---------- RECORDS SUPPLIED ----------

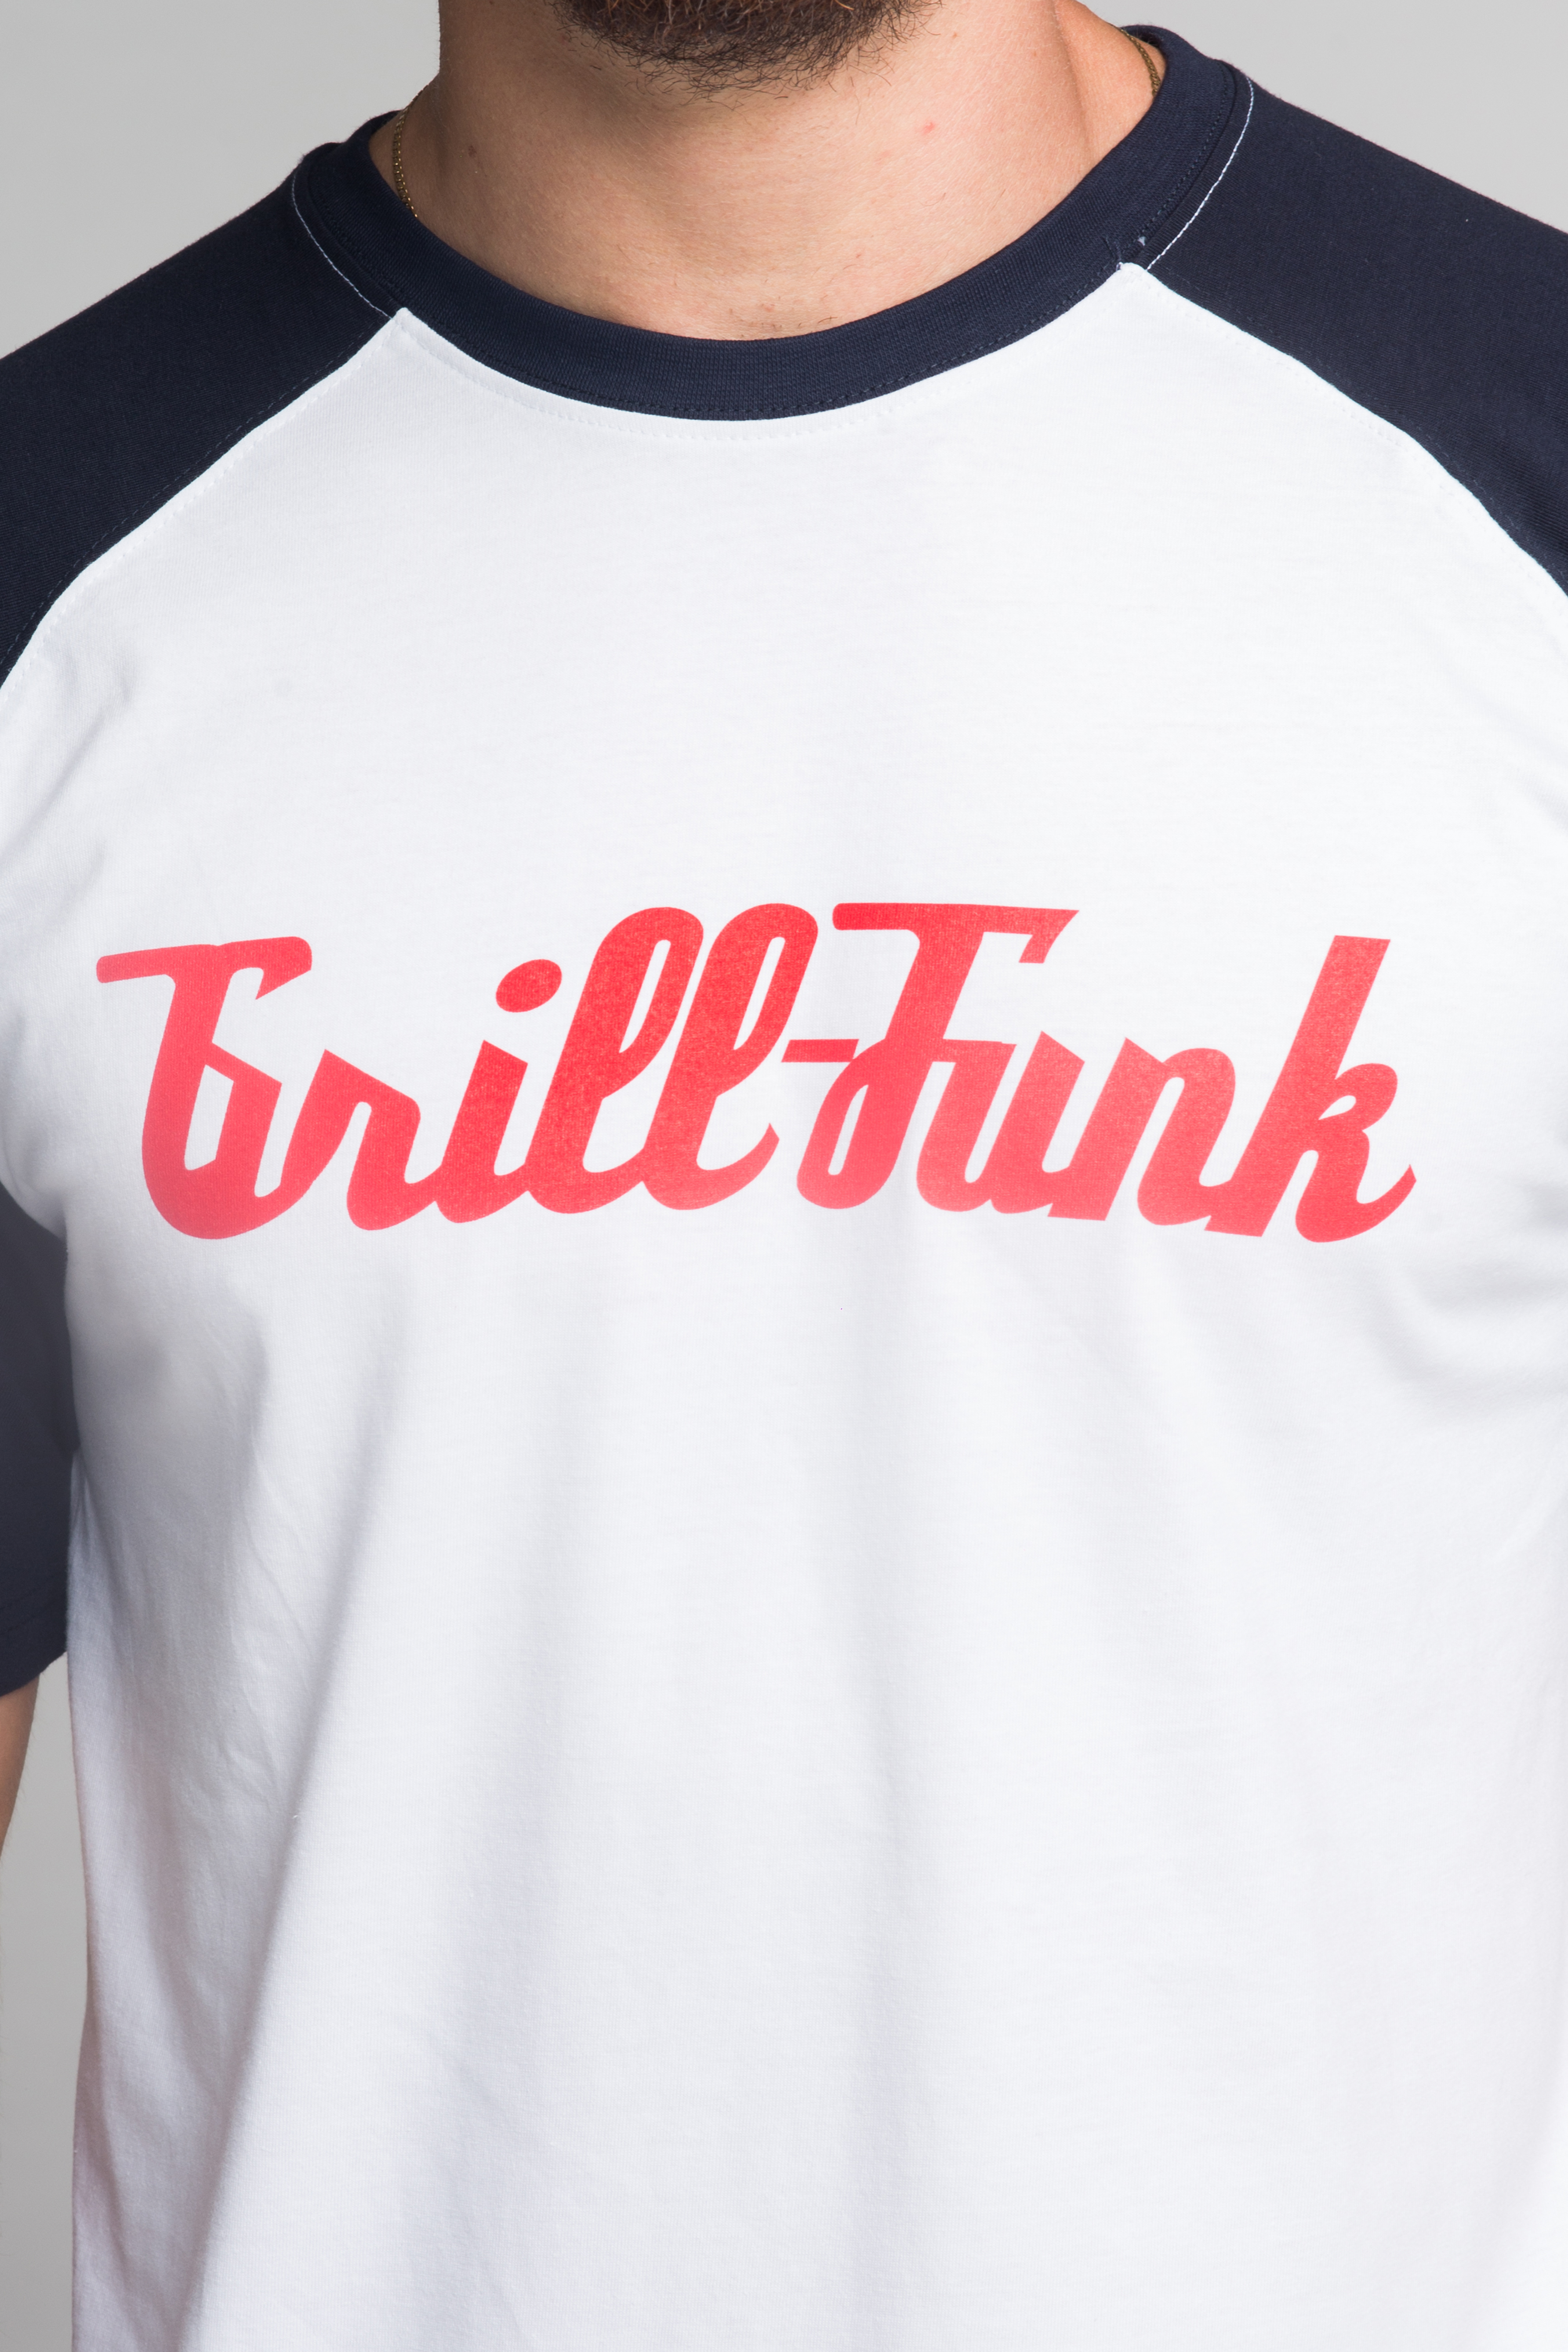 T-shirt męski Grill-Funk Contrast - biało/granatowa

----------
---------- RECORDS SUPPLIED ----------

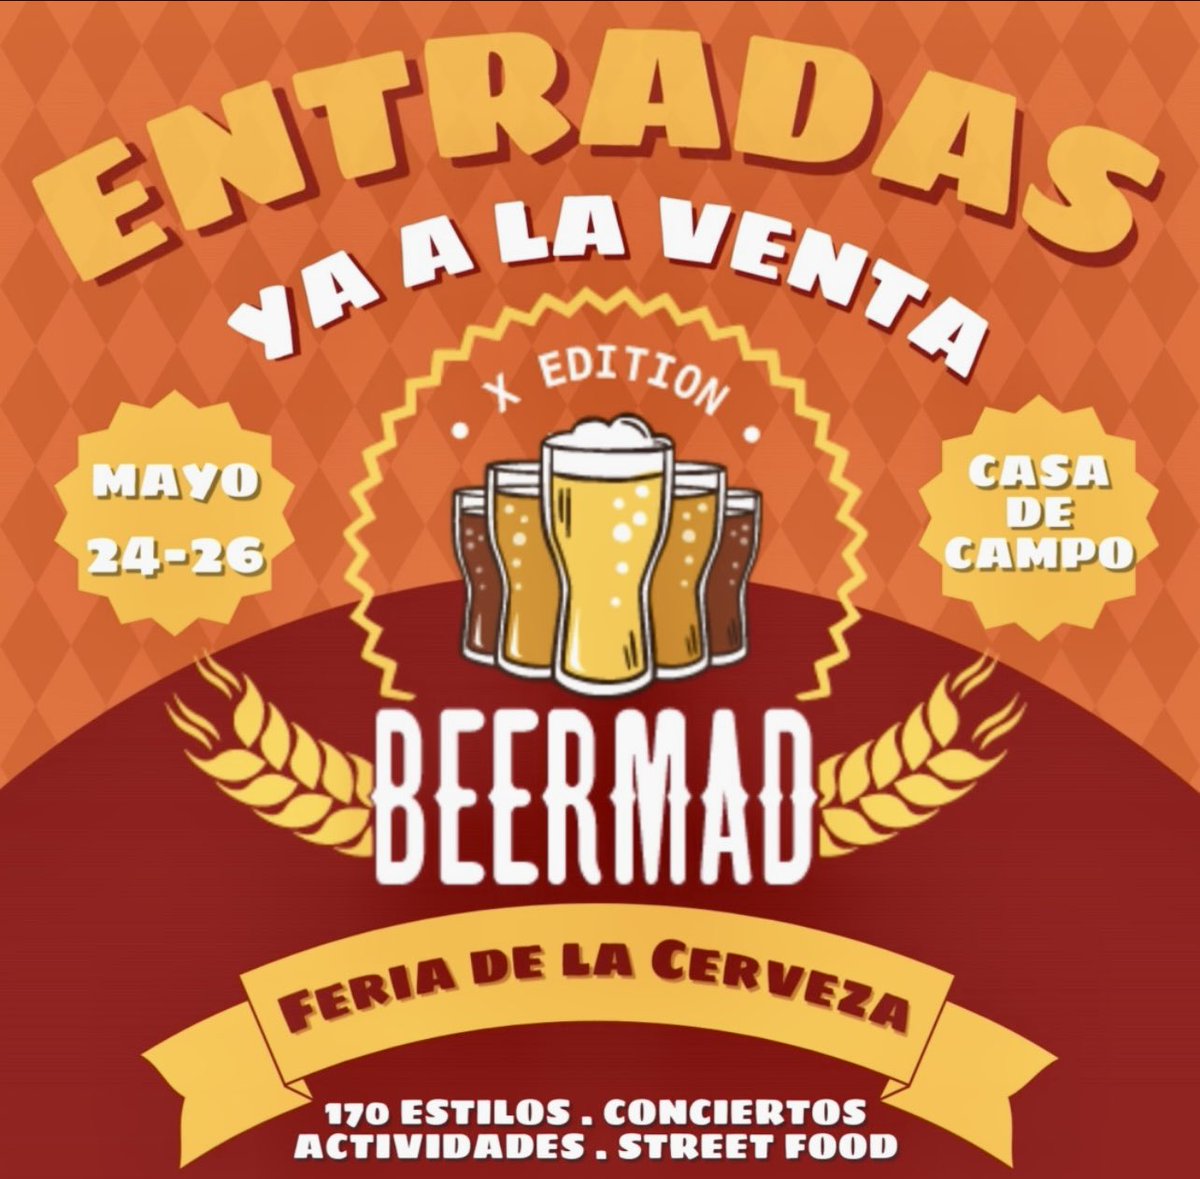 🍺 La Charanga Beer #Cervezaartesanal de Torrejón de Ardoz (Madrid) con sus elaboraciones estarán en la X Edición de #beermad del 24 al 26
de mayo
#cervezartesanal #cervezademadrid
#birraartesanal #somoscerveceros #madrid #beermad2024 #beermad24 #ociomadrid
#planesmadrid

----------

#### ACTIVITY:
All that is wanted is an exact copy of the lines above from the one with "#cervezartesanal #cervezademadrid" through the one with "#planesmadrid", with both ends included.

#### SOLUTION FOR THIS PROBLEM:
#cervezartesanal #cervezademadrid
#birraartesanal #somoscerveceros #madrid #beermad2024 #beermad24 #ociomadrid
#planesmadrid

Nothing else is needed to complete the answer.